Optimizing your Posture
Common postural problems can significantly impact a person’s musculoskeletal health and overall well-being. It affects how we breathe, and interact at sports and at home. An efficient posture will feel and work better.
Here are some common postural issues we work with at PhysioActive:
Common Postural Problems:
Forward Head Posture:
This is when the head juts forward, often caused by prolonged periods of looking at screens or poor ergonomic setups. It can lead to neck pain, headaches, and altered spine alignment.
Scoliosis:
Scoliosis is characterized by an abnormal sideways curvature of the spine. It can lead to uneven shoulders and hips, back pain, and in severe cases, affect organ function.
Scapular Winging:
Scapular winging occurs when the shoulder blades protrude from the back. It can result from muscle imbalances or neurological issues and may lead to shoulder and neck pain.
Excessive Thoracic Kyphosis:
This postural issue involves an exaggerated rounding of the upper back, creating a hunched appearance. It can lead to back pain and reduced lung capacity.
Lumbar Lordosis:
Lumbar lordosis is an increased curvature of the lower back. It may cause lower back pain and discomfort due to excessive arching of the lumbar spine
Lower Cross Syndrome:
Lower cross syndrome is a postural imbalance involving the muscles of the lower back and pelvis. It is characterized by tightness and hypertonicity in the lumbar erector spinae and hip flexors, along with weakness and inhibition of the deep abdominal muscles (transversus abdominis) and the gluteal muscles (especially the gluteus maximus).
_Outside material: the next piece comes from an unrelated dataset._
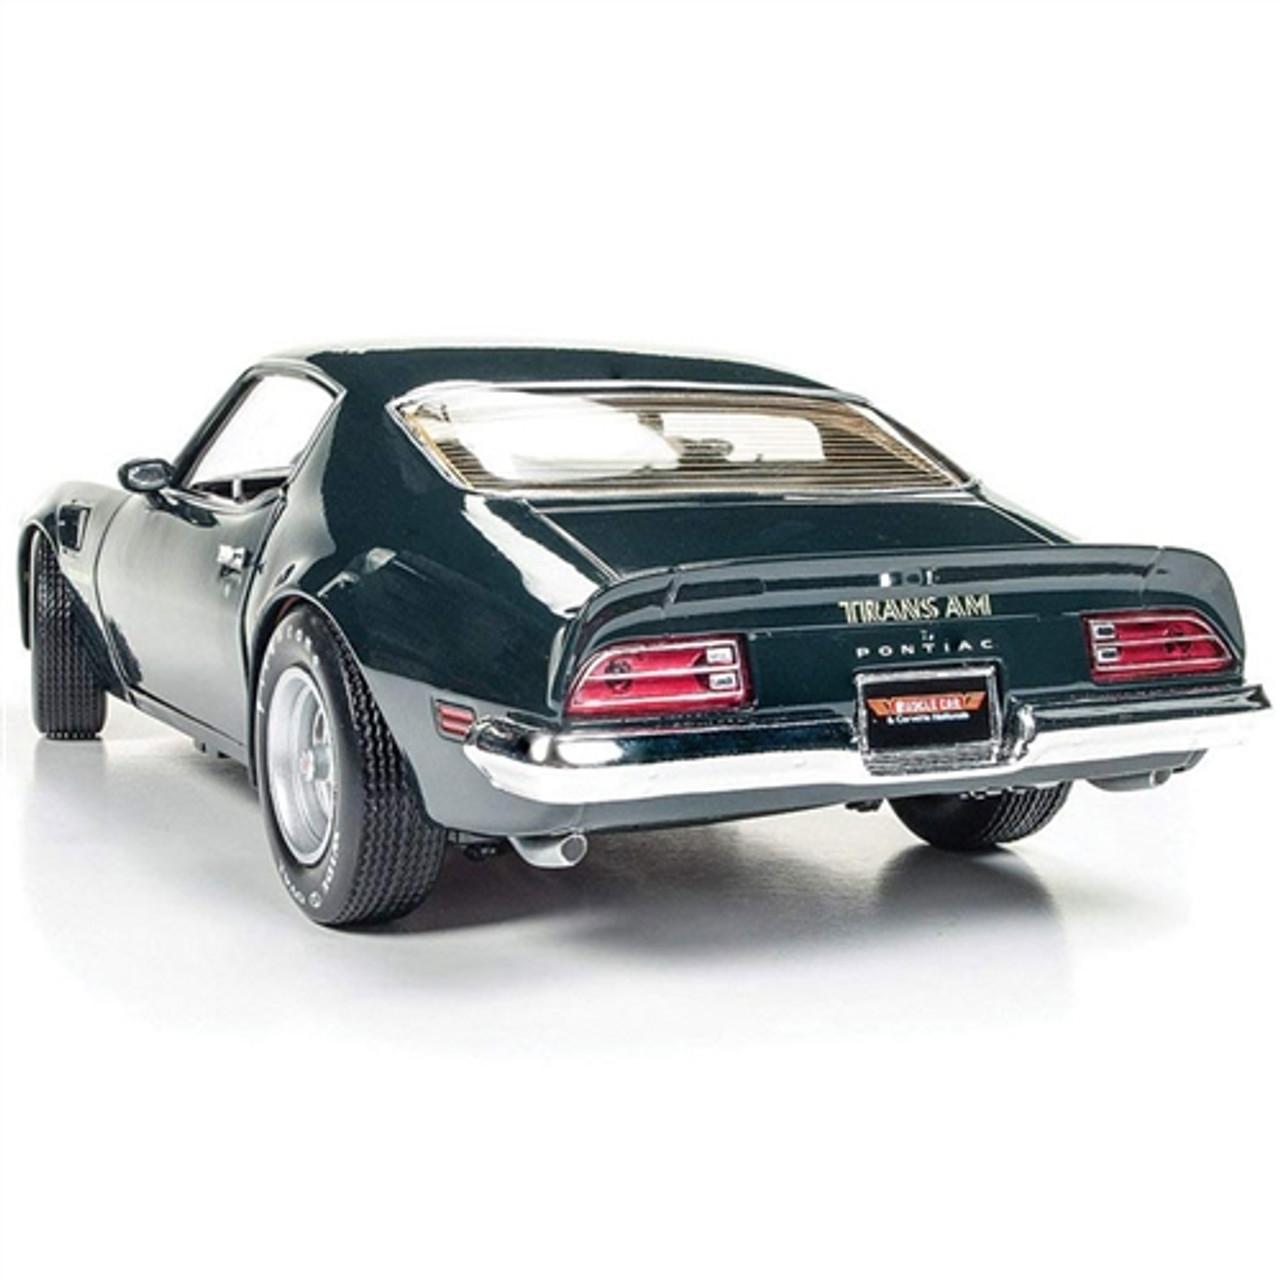 Auto World 1 18 Diecast 1973 Pontiac Firebird Trans Am Mcacn
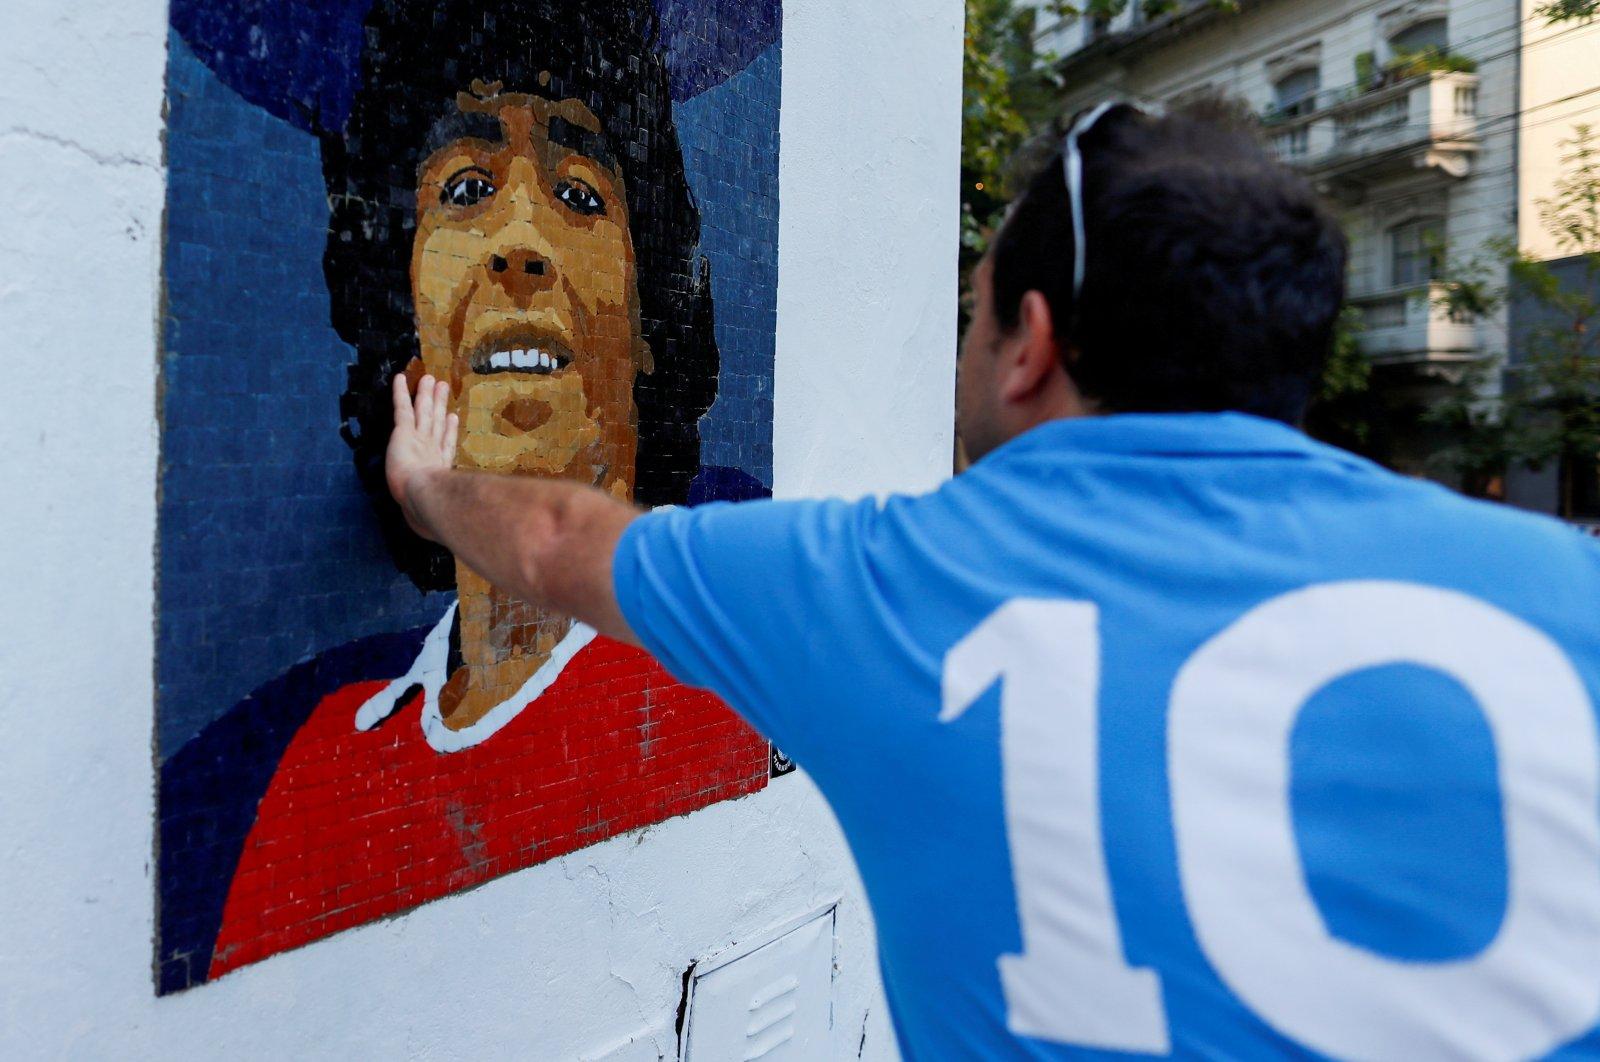 A man touches a mosaic made by the cultural organization Comando Maradona as a homage to late Argentine soccer superstar Diego Armado Maradona, Buenos Aires, Argentina, Feb. 25, 2021. (Reuters Photo)

This syndrome can lead to an anterior pelvic tilt, lumbar hyperlordosis, and lower back pain.
Upper Cross Syndrome:
Upper cross syndrome is a postural issue affecting the neck and shoulder region. It is characterized by tight and overactive muscles in the upper trapezius and levator scapulae, along with weak and inhibited muscles in the deep neck flexors and lower trapezius. This imbalance leads to a forward head posture, rounded shoulders, and an increased thoracic kyphosis. Upper cross syndrome often causes neck and shoulder pain, as well as headaches.
What can PhysioActive do to help my Postural Problems.
Treatment of these common postural problems typically involves a combination of physiotherapy, strength training, stretching, and postural correction exercises. It’s essential to seek professional guidance to create an effective rehabilitation plan tailored to the specific postural issue and individual needs. Book your postural assessment today and be taller tomorrow.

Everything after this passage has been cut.